Microbiote et immunité

Nous allons dorénavant vivre avec le Covid comme avec d’autres maladies ORL, (grippe, rhinopharyngite pneumonie etc…) que l’on se fasse vacciner ou que l’on mise sur son immunité naturelle, toutes les études actuelles montrent que la nutrition et l’équilibre de notre microbiote seront un des facteurs essentielles à une réponse efficace du système immunitaire.

L’adage des médecines asiatiques qui dit que toutes maladies naît dans le système digestif serait à prendre en compte dans la situation présente.

Que ce soit pour la réponse immunitaire au vaccin pour les personnes vaccinées ou la réponse immunitaire pour les personnes atteinte du covid la micronutrition et le microbiote sont concernés.

A) En ce qui concerne la vaccination

Au niveau micronutrition

pour avoir une réponse adéquate à la vaccination et qu’elle soit efficace il faut que nous produisions suffisamment d’anticorps via les lymphocytes. Un lymphocyte bien nourri produit beaucoup d’anticorps et effectue son travail efficacement. Alors que s’il est dénutri, il va rapidement péricliter. Plus ces anticorps sont nombreux et de qualité, plus la vaccination sera efficace. La longévité des lymphocytes est directement liée au statut nutritionnel. Par ailleurs, un mauvais fonctionnement des lymphocytes constitue un risque d’auto-immunité, un phénomène étudié dans la littérature scientifique sur les réponses immunitaires individuelles.

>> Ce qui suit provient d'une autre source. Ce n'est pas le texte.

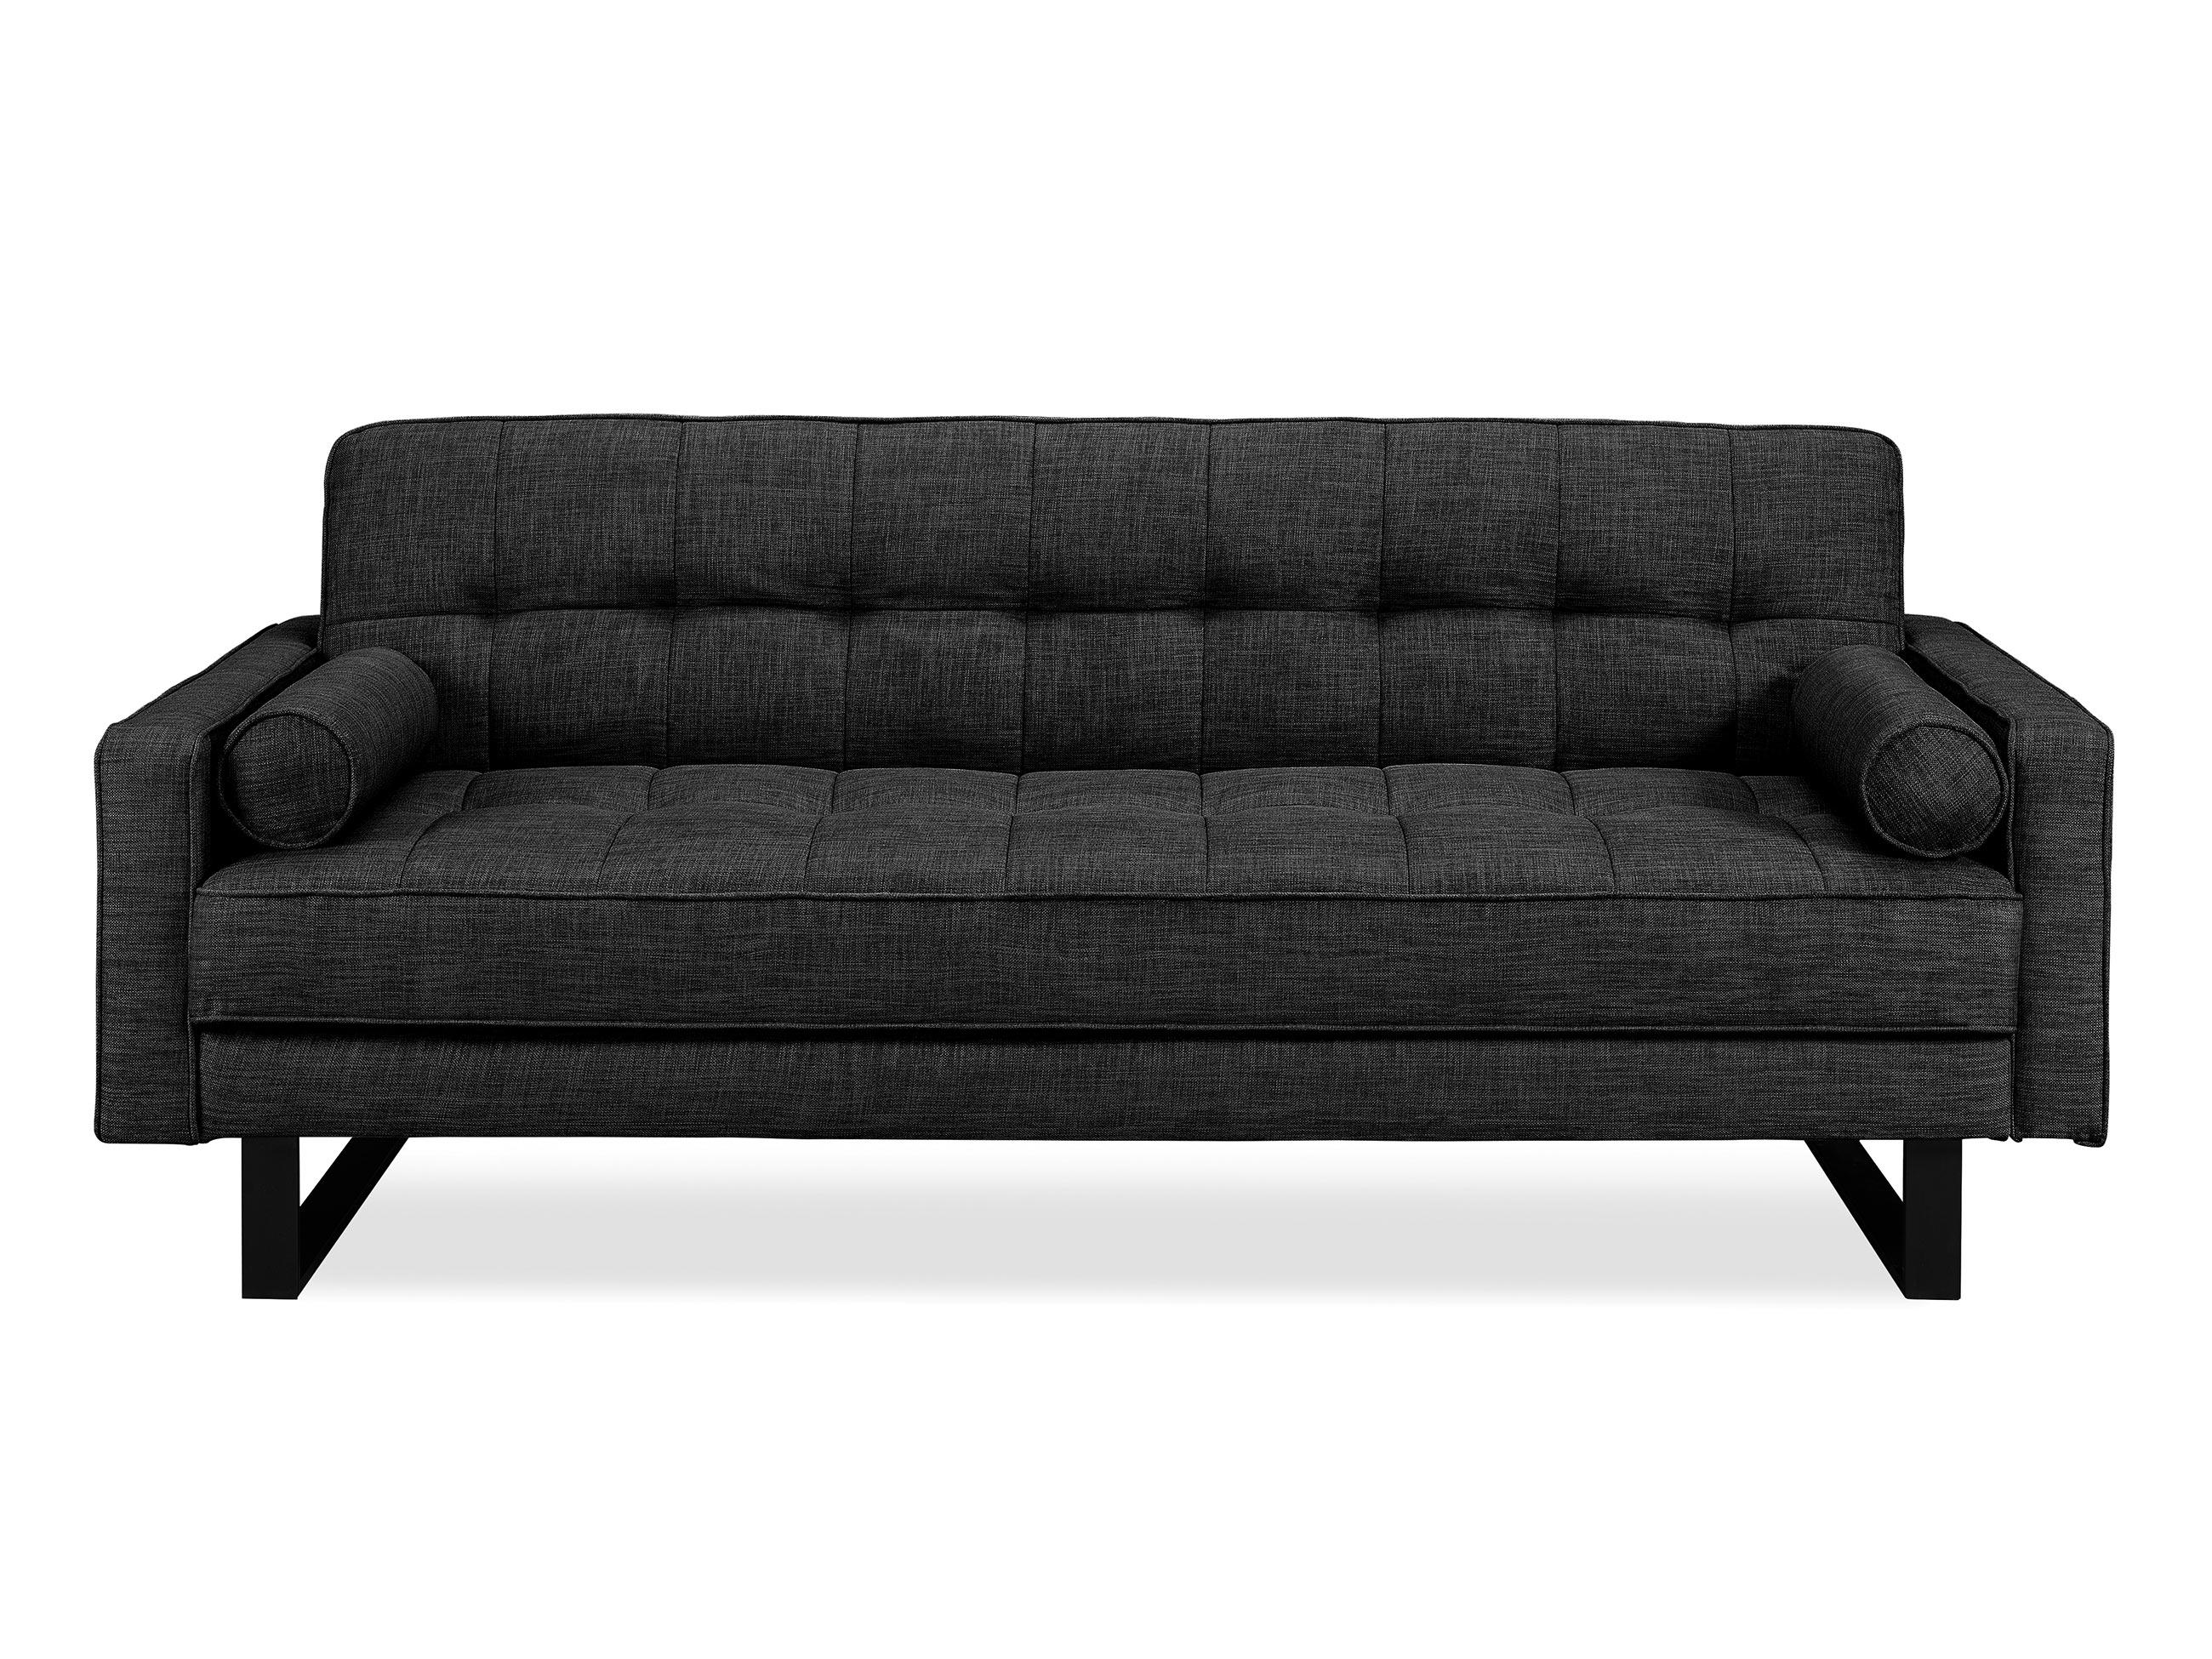 Medina Convertible Sofa Charcoal Grey by Serta Lifestyle

En se vaccinant on crée une immunité adaptative, dans ce cas le zinc est nécessaire à l’amplification clonale (réplication des lymphocytes) et la vitamine D à la production des cellules T-Reg, casques bleus de l’immunité. Des carences dans ces nutriments empêchera une réponse efficace.

Au niveau microbiote

La relation entre microbiote et réponse vaccinale a été vérifié dans plusieurs études récentes. Lors d’une vaccination, le microbiote agirait à la fois comme modulateur immunologique et comme adjuvant naturel. Les liens entre microbiote et système immunitaire sont d’une importance capitale, surtout chez le nourrisson, lorsque la majorité des vaccins sont administrés. Des études sur les animaux ont montré une réponse variable en termes de quantité d’anticorps, selon l’état du microbiote. D’où l’importance de ne pas vacciner un enfant malade, qui en plus a reçu des antibiotiques, sans avis médical.

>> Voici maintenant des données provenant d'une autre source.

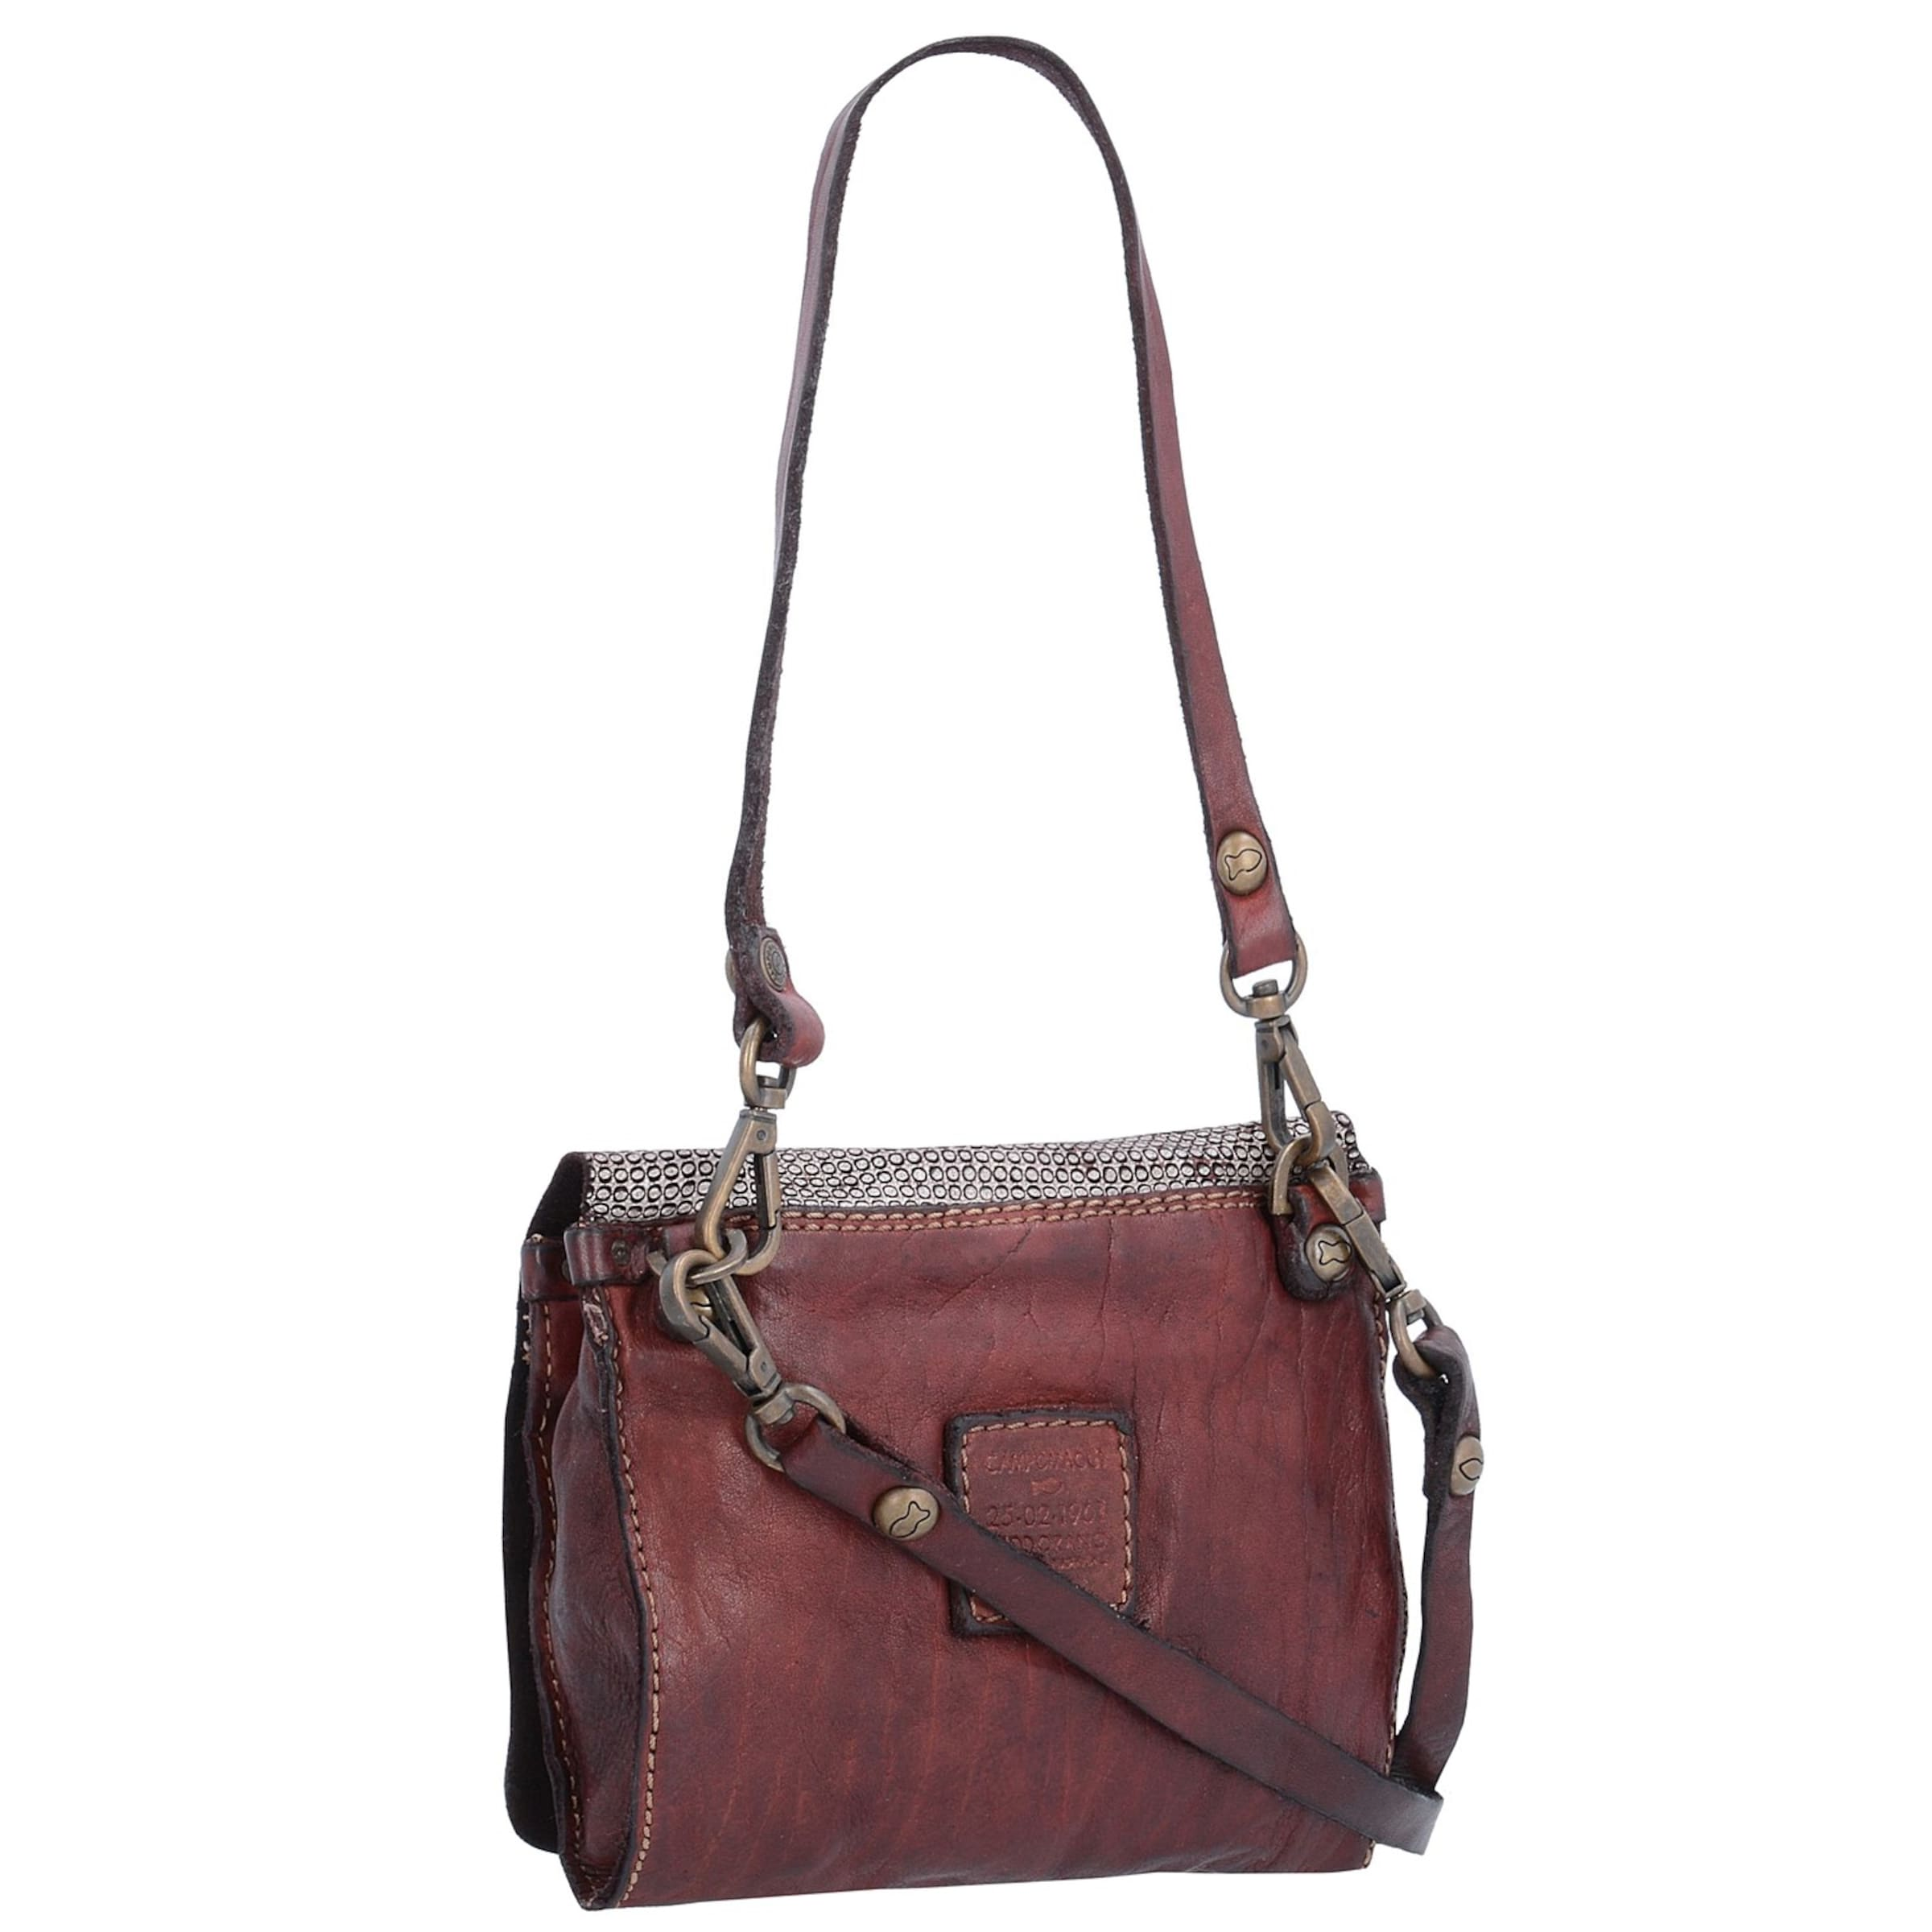 Campomaggi Mini Bag Bag 17 Campomaggi Umh盲ngetasche Mini cm Bauletto Bauletto Leder qPntw

La réponse individuelle aux vaccins est particulièrement sensible à la composition et la richesse du microbiote, c’est-à-dire la diversité des familles bactériennes présentes, leur nombre et leur répartition. Chez les personnes âgées, les altérations du microbiote sont corrélées au déclin de la santé. On retrouve un microbiote appauvri, avec notamment moins de bifidobactéries et davantage d’entérobactéries, moins d’acides gras à chaîne courte (monnaie d’échange entre bactéries symbiotiques et cellules intestinales), davantage d’interleukine-6 et de TNFα, qui sont les principales cytokines pro-inflammatoires.

Une méta-analyse compilant 26 études, totalisant 3 812 participants et concernant 40 souches de probiotiques, conclut à une amélioration de la réponse au vaccin antigrippe chez les personnes âgées, habituellement mauvais répondeurs. Selon les chercheurs, les probiotiques pourraient offrir une intervention bon marché pour améliorer l’efficacité du vaccin et la durée de protection.

B) Renforcer son immunité naturelle

Au niveau micronutrition

le zinc participe au renouvellement des entérocytes (cellules de l’intestin), qui permet de faire barrière aux virus ; mais il intervient aussi dans la régulation de l’inflammation, et lors de la réponse antivirale et antibactérienne. C’est pourquoi il est important de veiller à ses apports en zinc, un nutriment pour lequel une partie de la population française présente des apports insuffisants. Le zinc participerait à la production de mucus qui aiderait à prévenir les lésions pulmonaires. Par ailleurs, le zinc est nécessaire au transport de la vitamine A, elle-même nécessaire à la biodisponibilité de la vitamine D.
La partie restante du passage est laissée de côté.